One of the sentences in their charter is "Raise awareness and create understanding among federal government leaders in the executive and legislative branches about the values and implications of open source software". Those two italicized words are the giveaway for me: open source participation means you also embrace transparency of decision-making and design.

We could sure use some more of that. Not just in Congress and the Senate (where the results are broadcast live on C-SPAN), but in the budget rooms, accounting offices and buildings that house un-elected creators of policy -- all the places where most of the crucial but invisible decision-making takes place.

For decades we've been struggling with the idea that our government is not really ours, that the real bums cannot be thrown out because you didn't vote for them in the first place. I'd wager it all started becoming most heartbreakingly clear in the Nixon years, and that cat has been out of the bag (and pawing through the trash) ever since. A lot of whatever reform has be achieved has been the province of whatever administration has been in power at the time. Once they leave, there's nothing to guarantee those changes can be retained.

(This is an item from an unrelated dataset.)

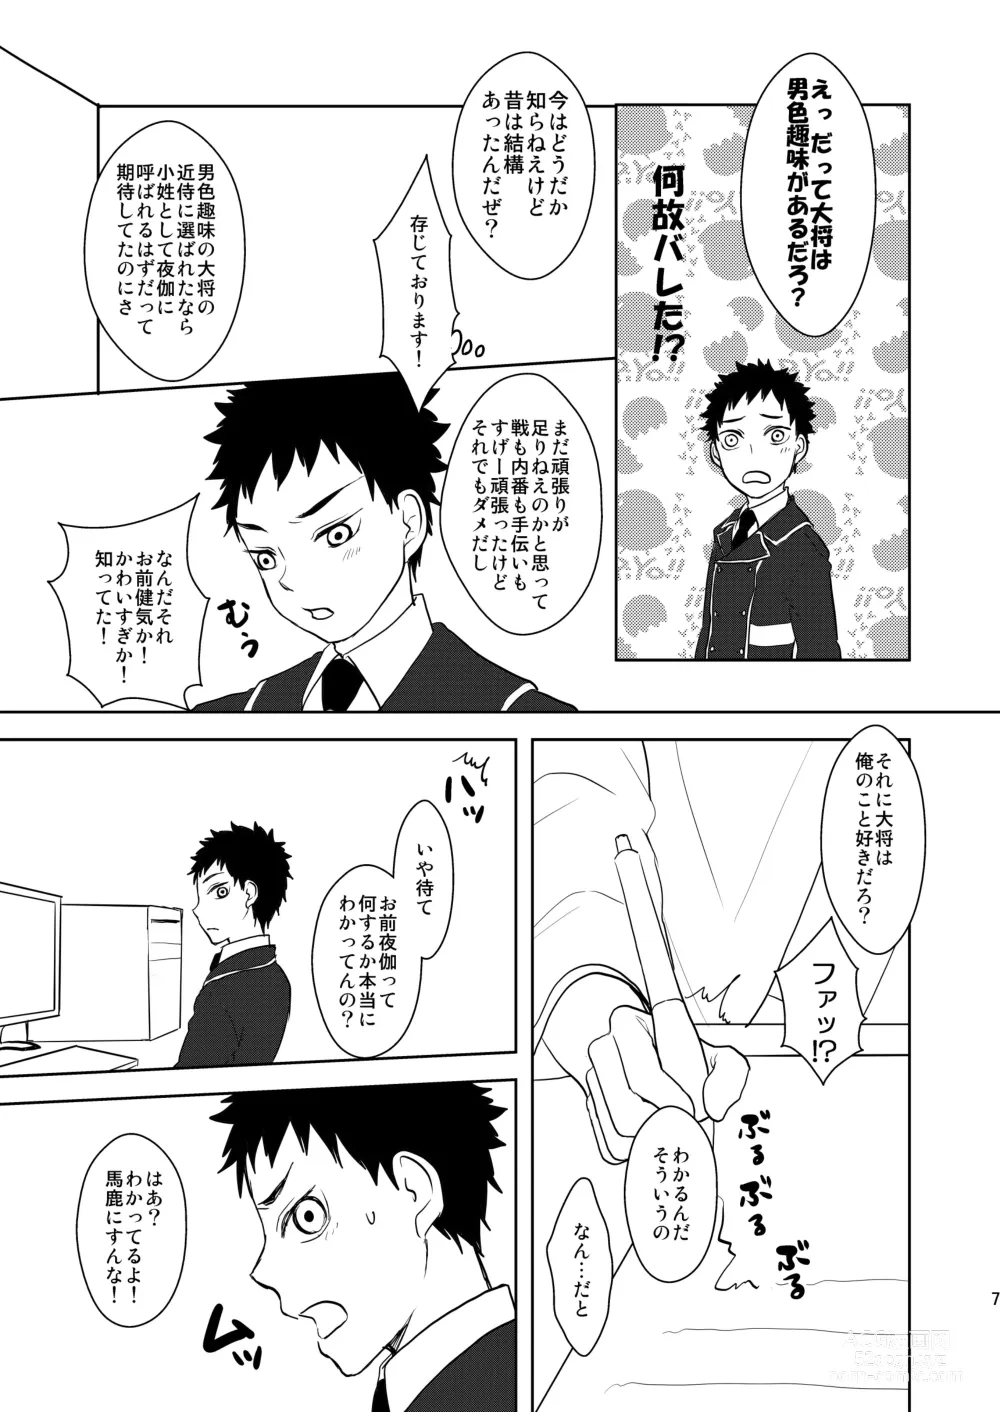 Page 6 of doujinshi Koukishinousei na Ore no Kawaii Kinji ga Yotogi o Sematte Kuru

So why not change things from the inside on a level that can't easily be dismissed -- on the tech level, on the process level? If the changes there speak for themselves and yield inarguable results, they ought to stick.

The total changes might end up being relatively modest, and the OSA do seem aware of this. Their own initial press release puts it this way: "Open source software may not be a cure-all, but it could save billions of dollars, help foster innovation and empower our government to work smarter." Anyone here who doesn't want that?